落落朝著于強(qiáng)使眼色,于強(qiáng)想上前拉走徐漢雅,但下一瞬間,周寒野扯過了徐漢雅的雙手,將她甩到了一旁,差點摔倒,眾人愣住了。
徐漢雅也愣住了,因為周寒野從來不會這么對她!
徐翔在的時候,所有人都不能碰他的東西,唯獨她能!她是他身旁唯一的女人,她哥說過,以后一定會幫她實現(xiàn)愿望的,實現(xiàn)嫁給周寒野的愿望的。
“周寒野你不能這么對我!”
徐漢雅發(fā)瘋似的大叫。
周寒野依然是面無表情。
“人都在,我親口說一遍,以后誰要是再動那個女人,我會直接讓他從這里消失。”
所有人依然是不解,他們都聽說了,那是一個離了婚的女人……一個婚內(nèi)出軌的女人……
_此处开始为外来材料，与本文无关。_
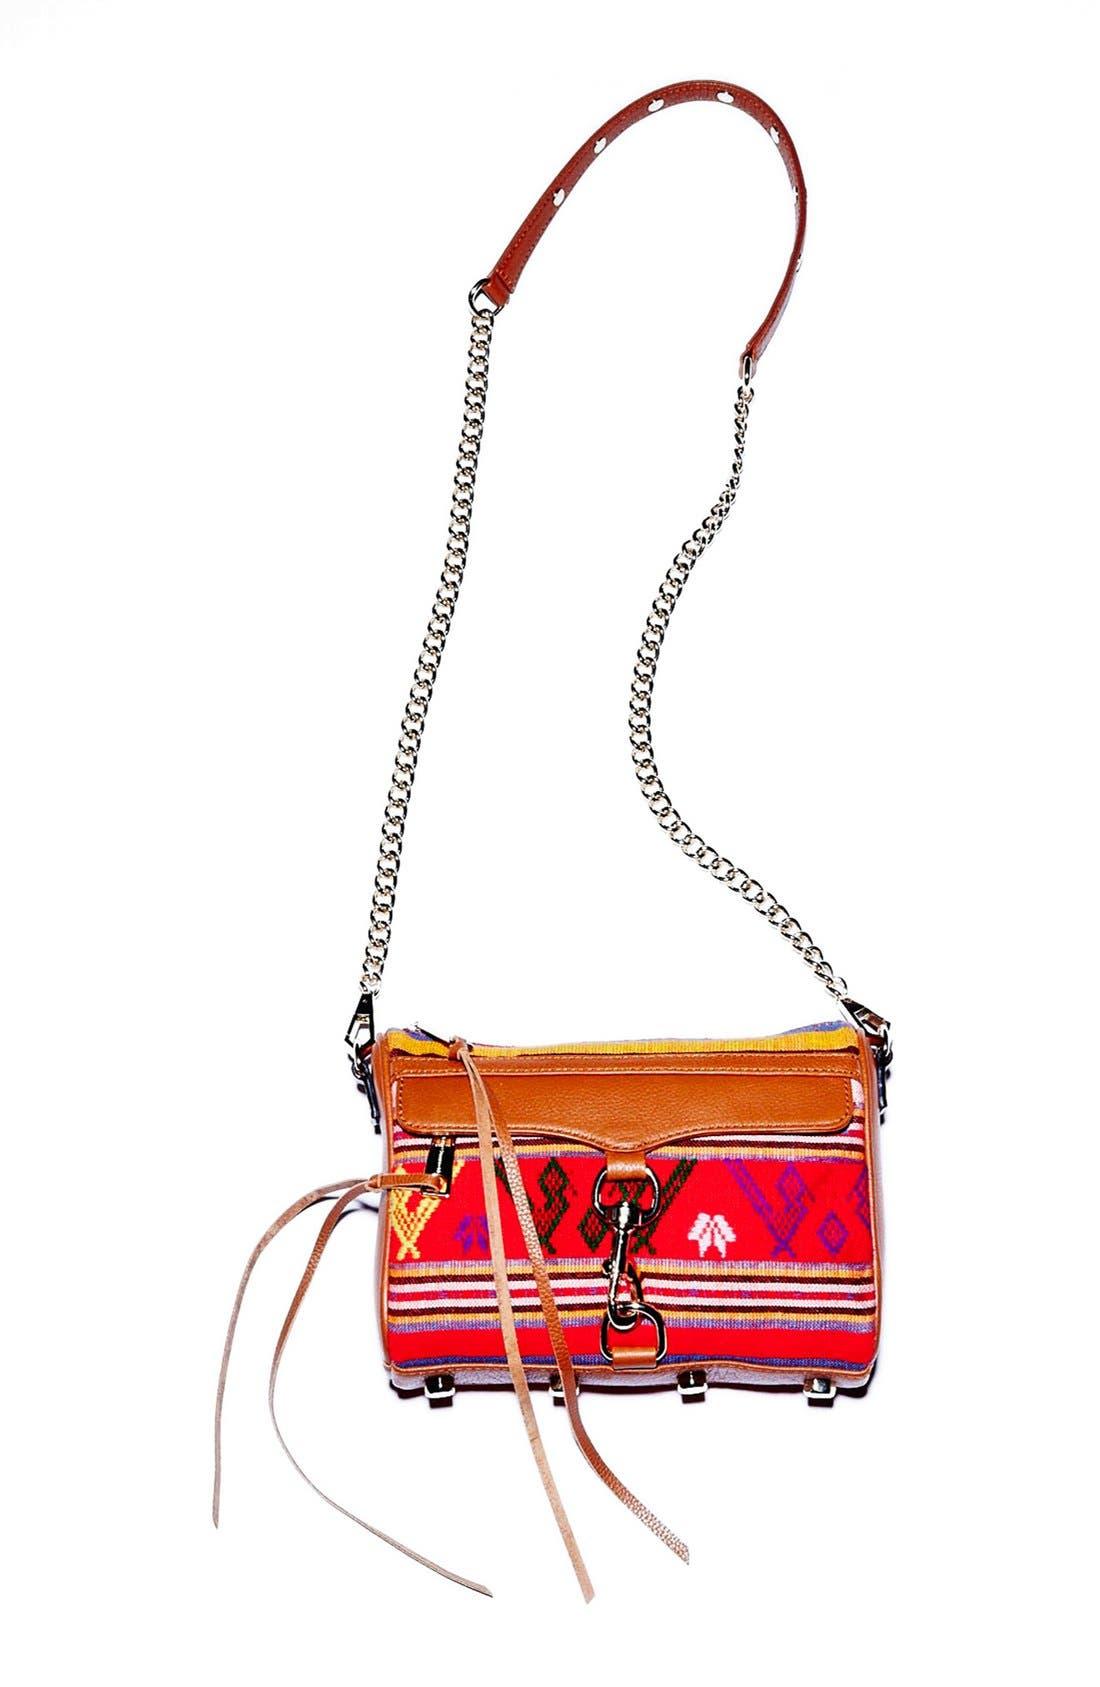 Piece & Co. and Rebecca Minkoff 'Mini MAC' Convertible Crossbody Bag,                             Alternate thumbnail 8, color,                             Orange Multi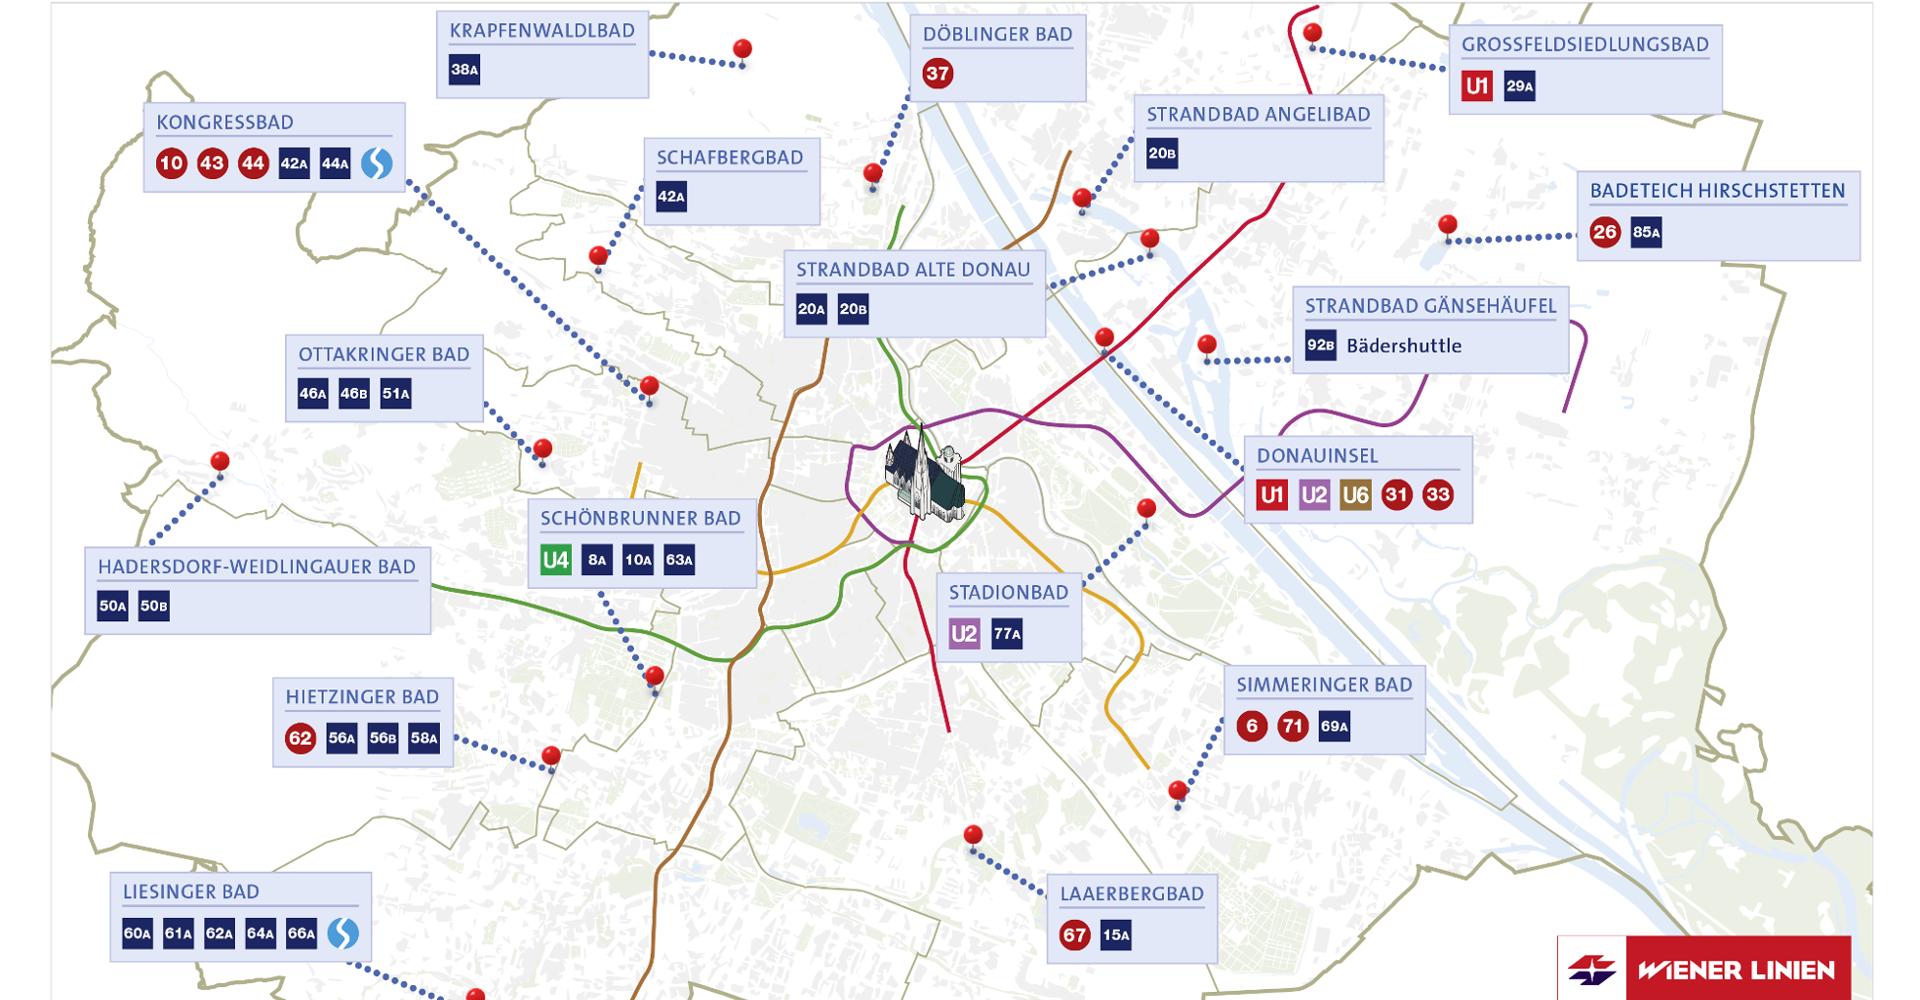 Bäder Karte Wien

堂堂的周二爺真的好這口?以前只聽聞他不近女色的,沒想到……喜歡少婦嗎?
“聽到了?”不怒自威。
眾人低下了頭。
徐漢雅看著那些服從的人,瘋狂大笑。
“周寒野你真賤!那種被人睡了不知道多少次的女人,你都稀罕嗎?”
“徐漢雅!”于強(qiáng)低聲呵斥,徐漢雅不問不顧,再度站在眾人眼前,面向周寒野。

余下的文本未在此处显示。